The hardware produces this configuration under specific conditions. Hormonal cascades — dopamine, oxytocin, testosterone, others — fire at elevated levels. Attention narrows toward the other operator. The other operator’s signals get processed with elevated importance. The perceived qualities of the other operator inflate; the perceived qualities of others contract. The operator’s normal interests, concerns, and attention patterns can be temporarily overridden by the absorbing focus on the romantic interest.
This configuration is functional, in evolutionary terms — it produces the conditions under which mating and pair-bonding occur, with sufficient intensity to motivate the operator past the obstacles that bond formation involves. It is also temporary. The hardware does not sustain peak romantic configuration indefinitely; the cascades regulate down across months to a couple of years, regardless of the conditions. What was intense becomes ordinary. The operator who confused the temporary configuration with the permanent state of their relationship encounters the regulation as crisis: the magic is gone, something is wrong. Nothing is wrong.
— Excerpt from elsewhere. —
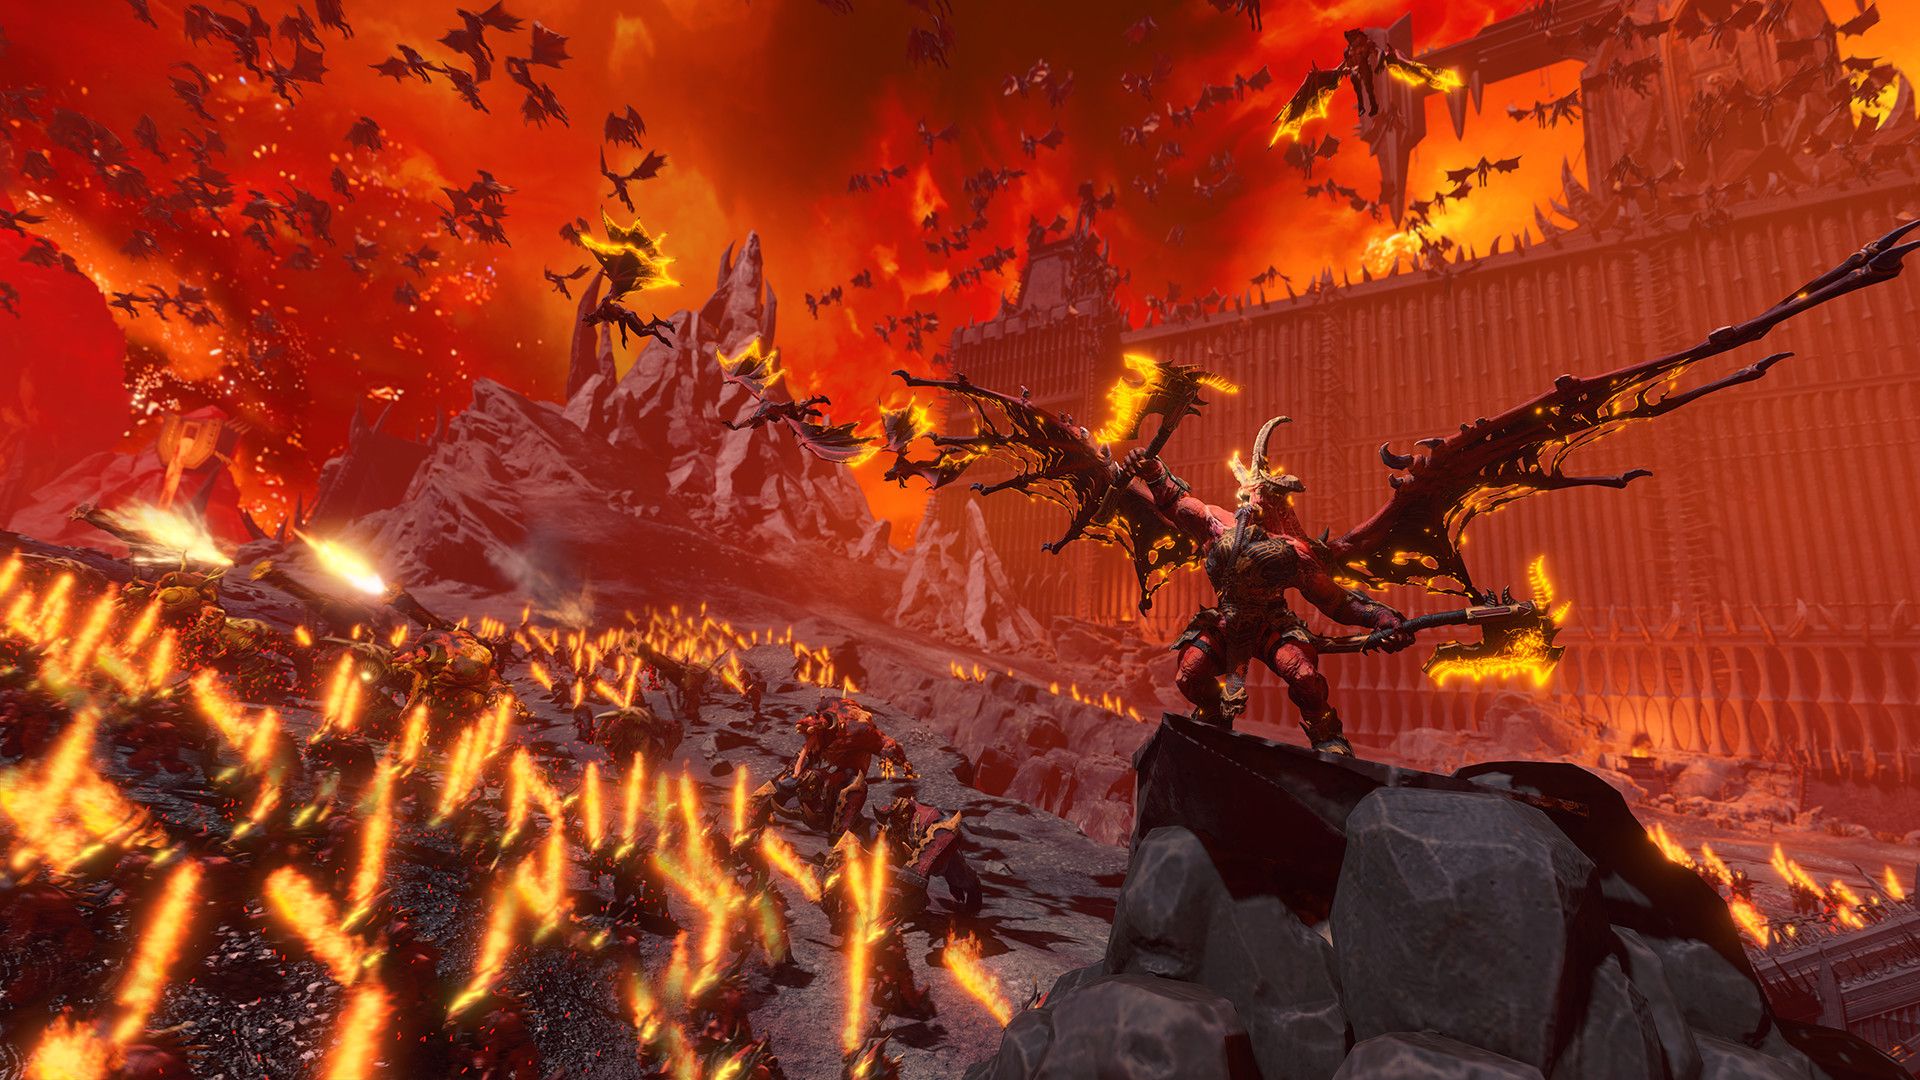 Total War: Warhammer 3 Skarbrand, Legendary Lord of Khorne

The hardware is doing what the hardware does.
The cultural narrative often promotes the temporary configuration as the destination — as if relationships should sustain initial-romance intensity indefinitely. Operators trained on this narrative often interpret the natural regulation as evidence the relationship has failed, and either pursue intensification through manufactured drama or abandon the relationship in favor of finding the next initial-romance configuration with a new partner. Both produce dysfunction. The first introduces conflict where stability would have been possible. The second produces serial relationships, each ending at the same regulation point.
From the chair: enjoy the initial romantic configuration when it is present, without confusing it with the long-term state. The intensity is real and worth experiencing. The information it provides is real — it is reporting fit, attraction, the conditions for bonding. But it is not the destination. The destination, if the relationship continues, is the more regulated configuration that follows, which has its own substantial value but does not feel like the initial state.
The other application: the relationship that sustains long-term is not the one that maintains initial romance intensity; it is the one that builds the deeper configuration that the regulation makes available. The shared history. The accurate knowledge of each other. The capacity to navigate difficulty together. The reliability the other operator can be counted on for. These are not romantic in the initial sense. They are what relationships actually become when they last, and they are valuable on their own terms — not as inferior versions of the initial configuration, but as different configurations entirely.
The Marriage entry covered some of the maintenance work that the longer-term configuration requires. The operator who can value both configurations — the initial and the long-term — has access to relationships of substantial depth. The operator who only values the initial keeps trying to recreate it, and rarely arrives at the depth.